§ **REQUIREMENT**: Repeat only the lines below that run from the line with "Palumbo Superyachts Marseille" to the line with "Deals For Harveys Furniture Android", ends included; skip every picture.
Top of MATERIAL FOR THE TASK
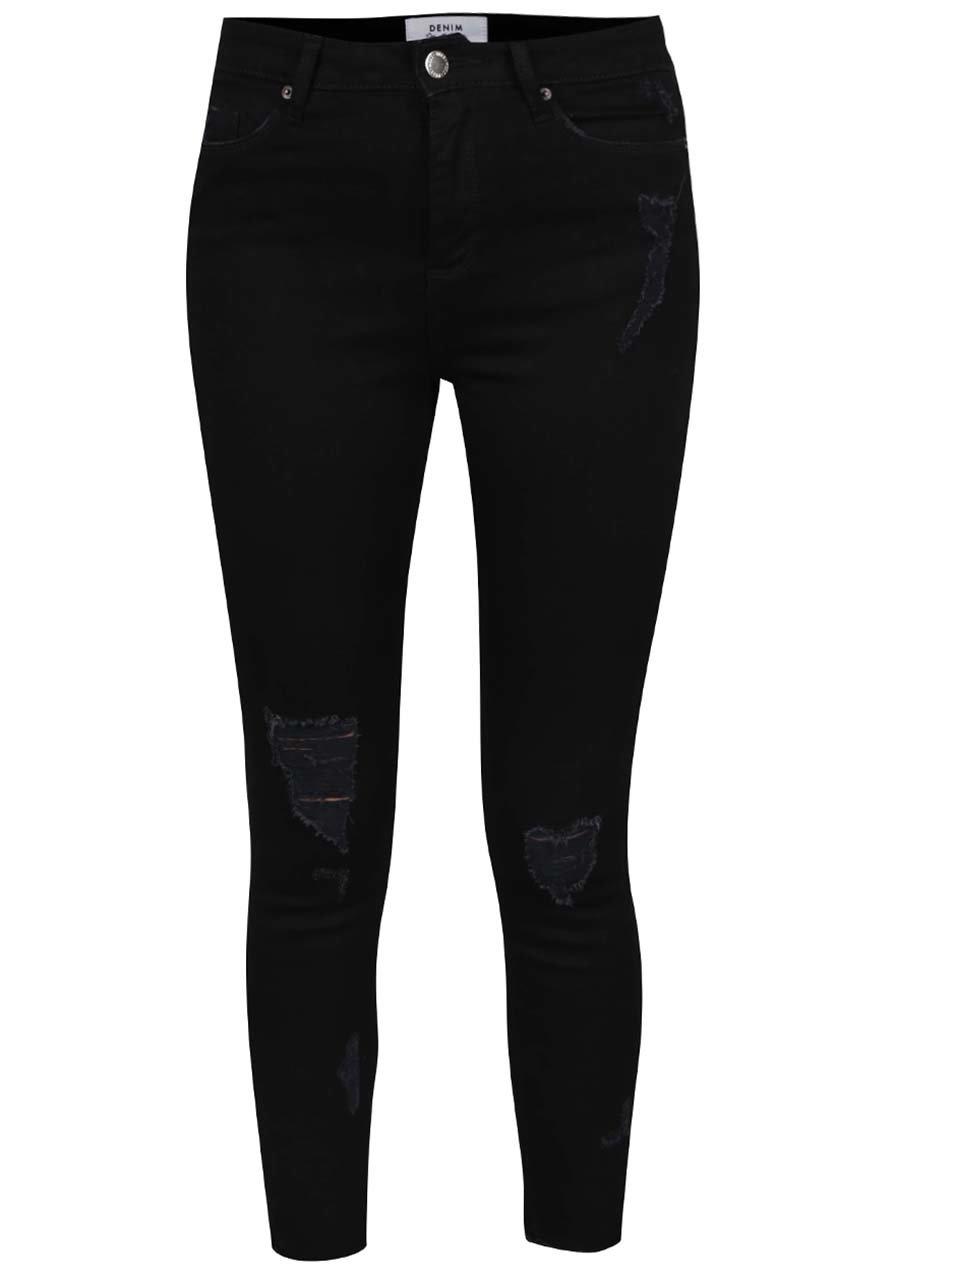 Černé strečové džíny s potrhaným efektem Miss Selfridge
Bottom of MATERIAL FOR THE TASK
Top of MATERIAL FOR THE TASK
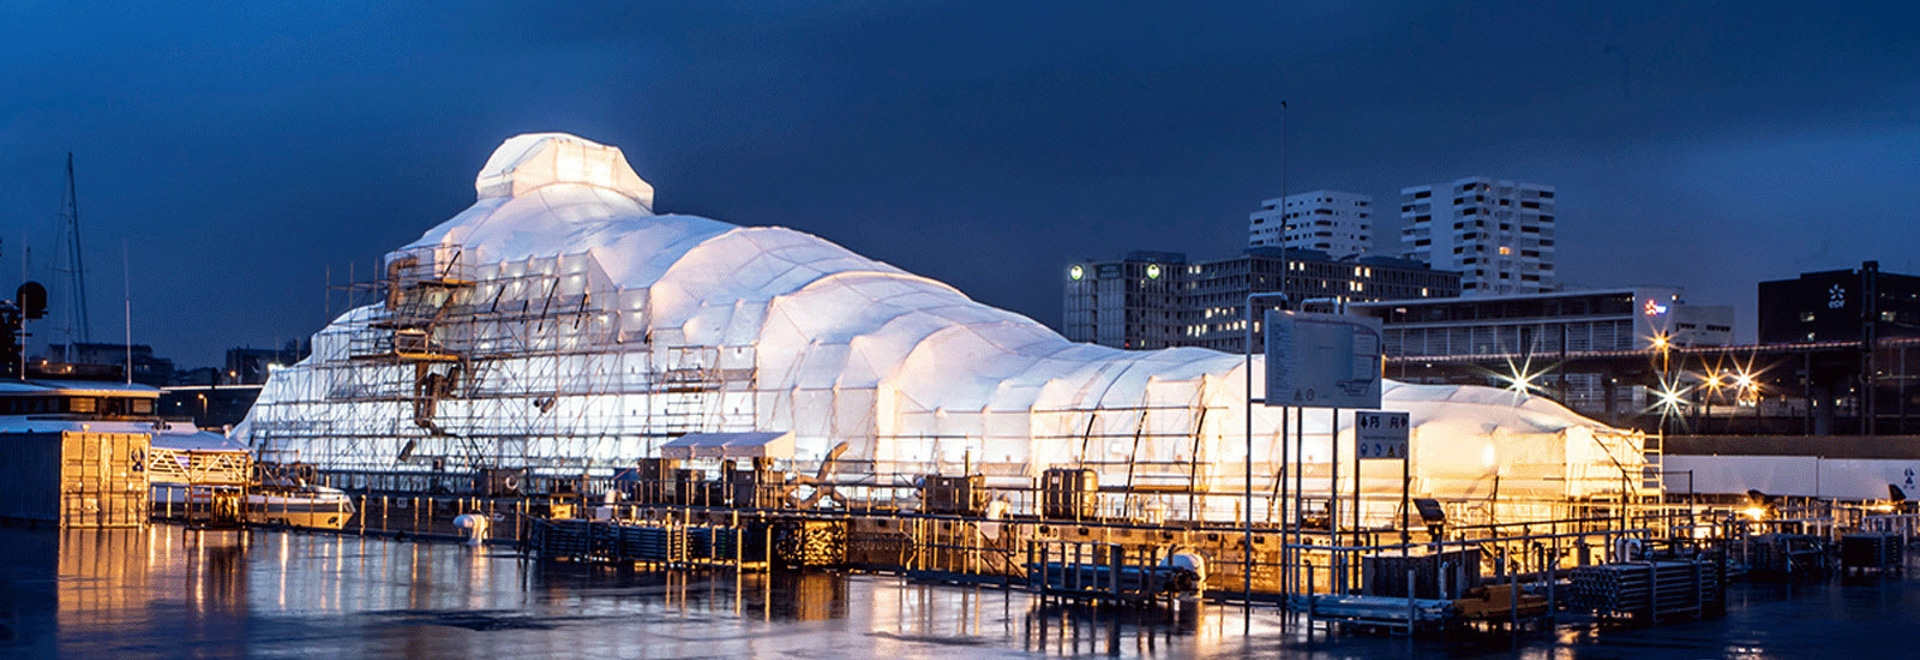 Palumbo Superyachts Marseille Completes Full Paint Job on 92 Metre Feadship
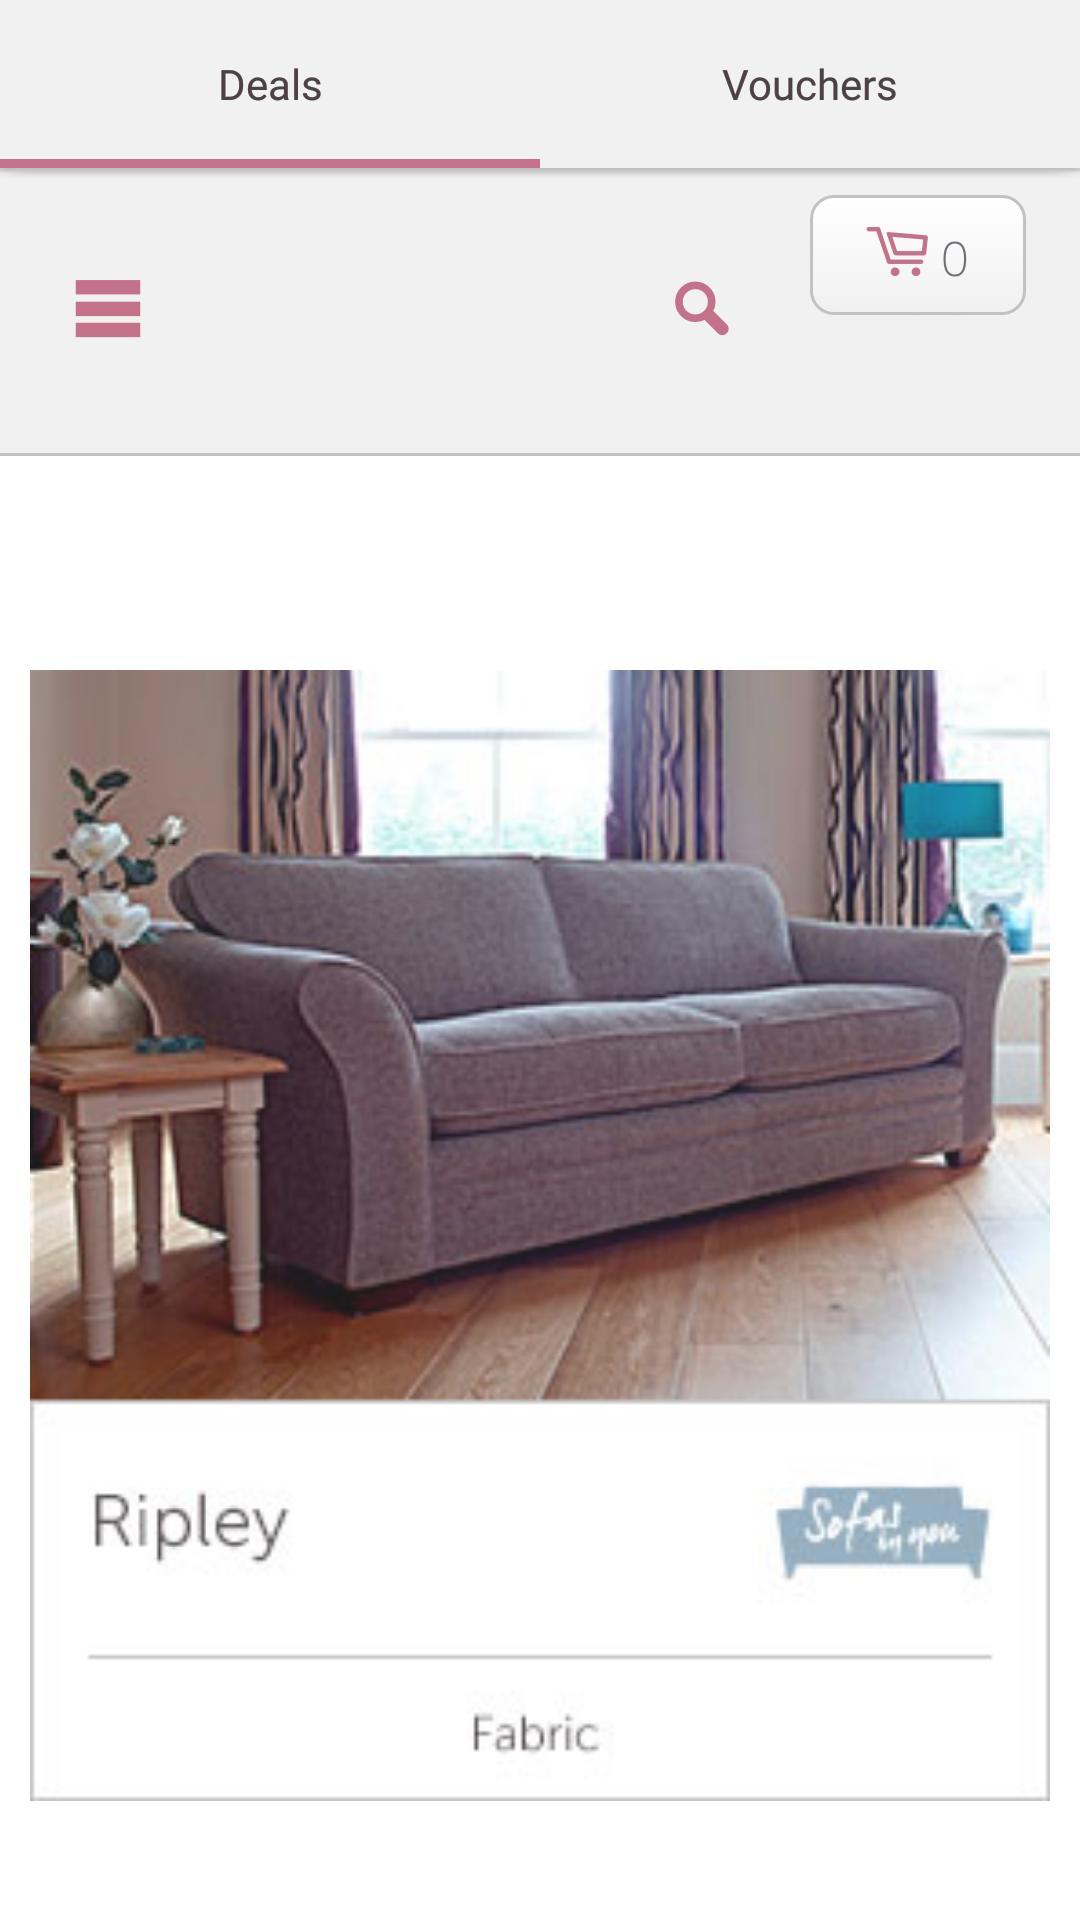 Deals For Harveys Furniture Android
Bottom of MATERIAL FOR THE TASK
§ **RESULT**:
 Palumbo Superyachts Marseille Completes Full Paint Job on 92 Metre Feadship
 Deals For Harveys Furniture Android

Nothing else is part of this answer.